Liberal government leaves door open for public inquiry on foreign interference
The Canadian PressNews foreign interference
By Mickey Djuric in Ottawa
The Liberal government is leaving the door open for a public inquiry into foreign interference, but it wants federal opposition parties to work together to come up with its terms of reference, timeline and potential leader.
Intergovernmental Affairs Minister Dominic LeBlanc laid out his expectations on Saturday, less than 24 hours after the former governor-general tasked with probing foreign interference in recent federal elections announced his resignation from his post as special rapporteur.
LeBlanc said opposition parties should be able to join forces and help the government determine what comes next, noting they have demonstrated the ability to collaborate on foreign interference matters in recent months. That includes coming together to pass a non-binding motion in the House of Commons that called for David Johnston to step down from his special rapporteur role.
Johnston agreed on Friday to resign by the end of the month, citing the highly partisan atmosphere around his work after he previously vowed that it wouldn’t deter him.

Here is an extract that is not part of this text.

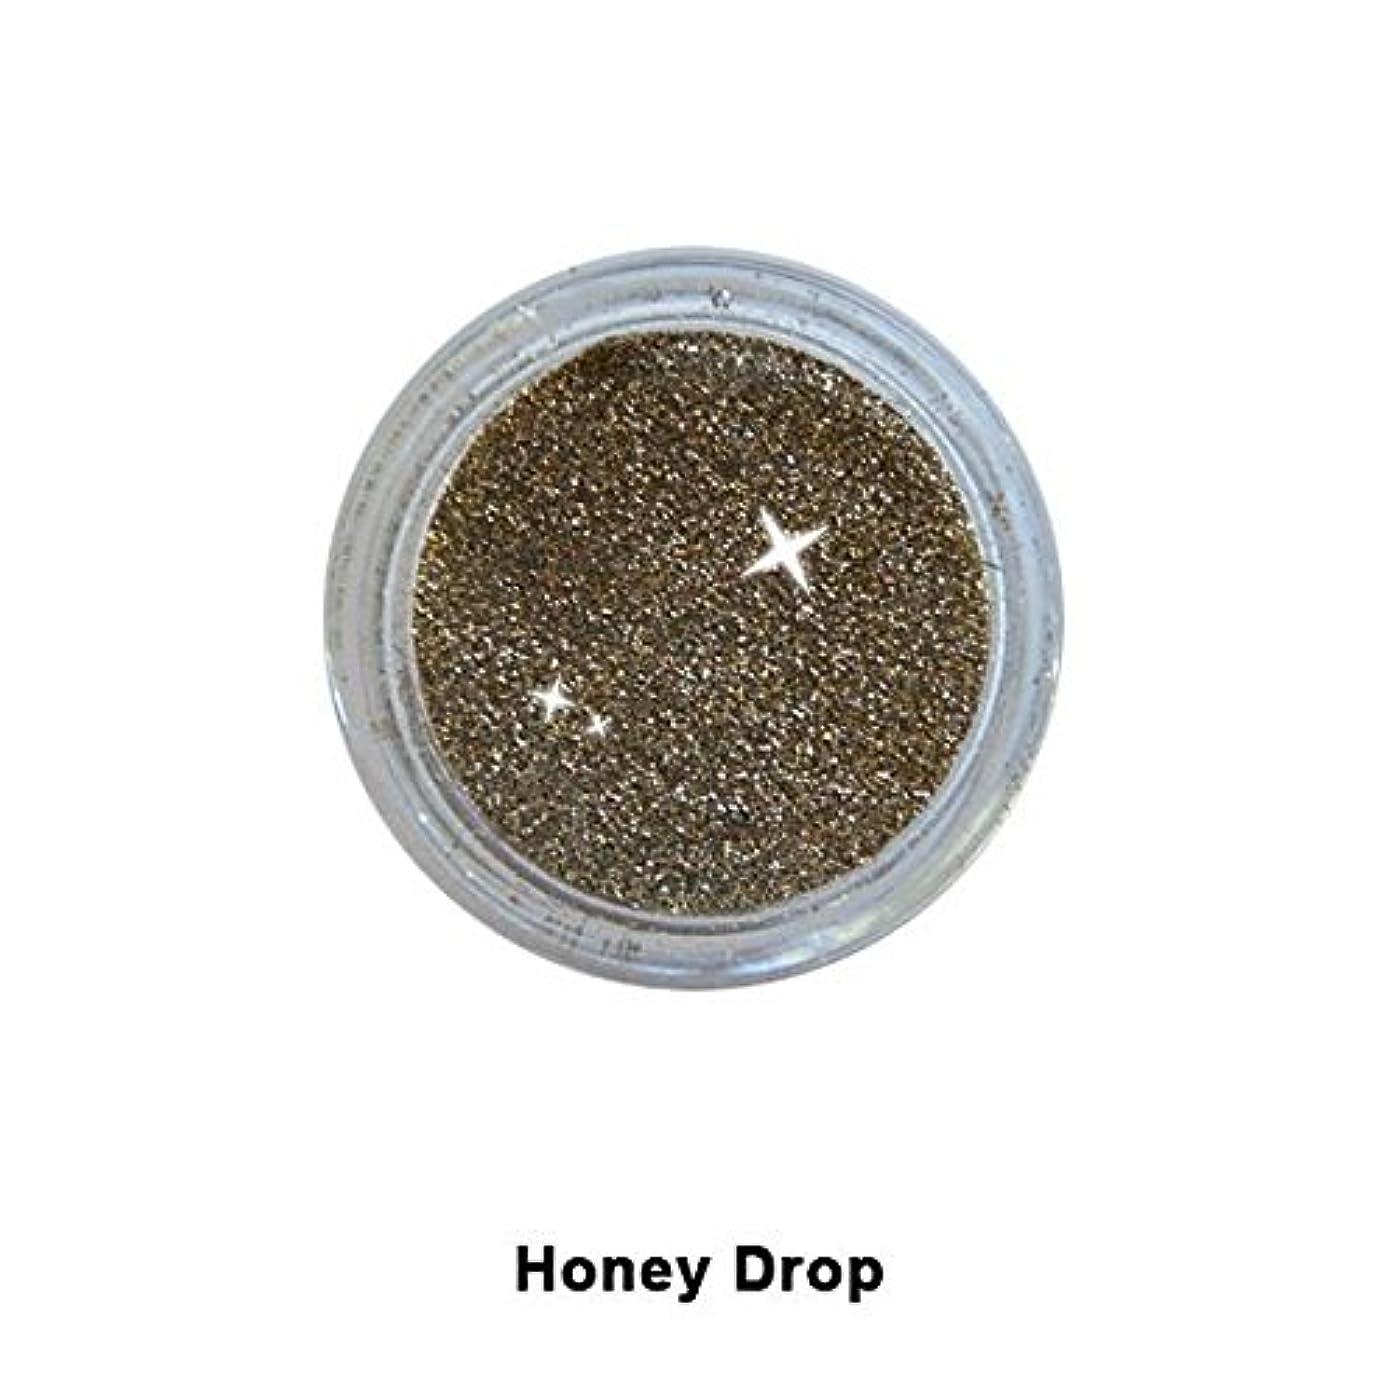 パプアニューギニアモーター光電Eye Kandy アイキャンディー グリッター メイクアップ アイシャドー アイラインGlitter Sprinkles (Honey Drop)

“They all voted for an NDP motion last week that said the government should consult with opposition parties, and that’s exactly what the prime minister asked me to do yesterday, and what I’m hoping to do tonight, tomorrow and this week,” LeBlanc said Saturday at a morning news conference.
Prime Minister Justin Trudeau was absent from Ottawa Saturday due to a surprise visit to Ukraine. But LeBlanc said Trudeau had formally asked him to consult experts and opposition parties on the next steps, whether those involve continuing the work Johnston started or holding a public inquiry as opposition members have long been demanding.
He said he wants them to come with a list of people that could lead an inquiry, along with suggested terms of reference, a timeline and ideas on the best way to protect top-secret, classified information under existing security laws.
“Really we’re looking for their suggestions, and the time for them to be serious is now,” LeBlanc said, adding the government doesn’t want to wind up in the same “dead-end” in which opposition parties can scuttle an active process.
All parties agree the 2019 and 2021 federal election results were not compromised, but they still say a public inquiry is the only way for Canadians to feel confident in their electoral system.
New Democrat Leader Jagmeet Singh didn’t say if he was willing to work with opposition parties to come up with a solution, but praised the Liberal government for finally hearing the parties’ demand for a public inquiry.
“We have always said that the process needs to be independent, public, and transparent. A public inquiry is the only way forward,” Singh said in a statement Saturday.
Singh said any public inquiry must be led by a judge with no ties to either the Liberal party or the Pierre Elliott Trudeau Foundation who has also refrained from donating to a federal political party in at least the last decade.
The Conservative party said they will discuss further details of an independent public inquiry once the government announces one.
“The only ones causing problems are the Liberals with the backing of their NDP cover up coalition partners,” Sebastian Skamski, spokesman for Conservative Leader Pierre Poilievre, said in a statement Saturday.
He referenced the confidence and supply agreement both parties have struck until 2025. The arrangement helps the Liberals retain power until then but is not a coalition because New Democrats do not have seats at the cabinet table and are not expected to align on legislation — even if they are not confidence votes.
“From the start, the Liberals … have treated Beijing’s interference in our democracy like a farce. Enough,” Skamski said.
Johnston, who Trudeau appointed to investigate alleged meddling in the 2019 and 2021 federal elections, had ruled out the idea of holding a public inquiry on the issue — creating a rift with opposition leaders.
Johnston said a public inquiry was not the right path because making secret information public would run the risk of breaching the trust of Canada’s security allies and endangering intelligence sources.
Trudeau said he would follow Johnston’s recommendation, and insisted a public inquiry was never off the table for his government.
“All options are on the table. We tasked David Johnston to do the report that he did, and make recommendations. He did excellent work, and now we’re looking at the next steps,” Trudeau said from Ukraine, Saturday.
Johnston released a report on foreign interference last month that found significant shortcomings in the way the federal government handles intelligence about alleged foreign meddling.
During a House of Commons committee meeting, Johnston said the problem of foreign interference has been growing in Canada, and the government’s ability to adapt isn’t keeping pace.
He warned parliamentarians the issue needs to be dealt with quickly.
LeBlanc blamed opposition parties for creating a “toxic environment” that eventually pushed Johnston out. He expressed concern that finding someone to either take over as watchdog into foreign interference or lead a public inquiry could be challenging.
“Many eminent Canadians will understandably hesitate to step forward to undertake this kind of work when they see what the opposition parties did to the right honourable David Johnston,” LeBlanc said.
“If we can lower the partisan temperature and have a serious conversation….we can find an eminent Canadian to lead this next public phase of the engagement. And quickly. We’re not looking for delays.”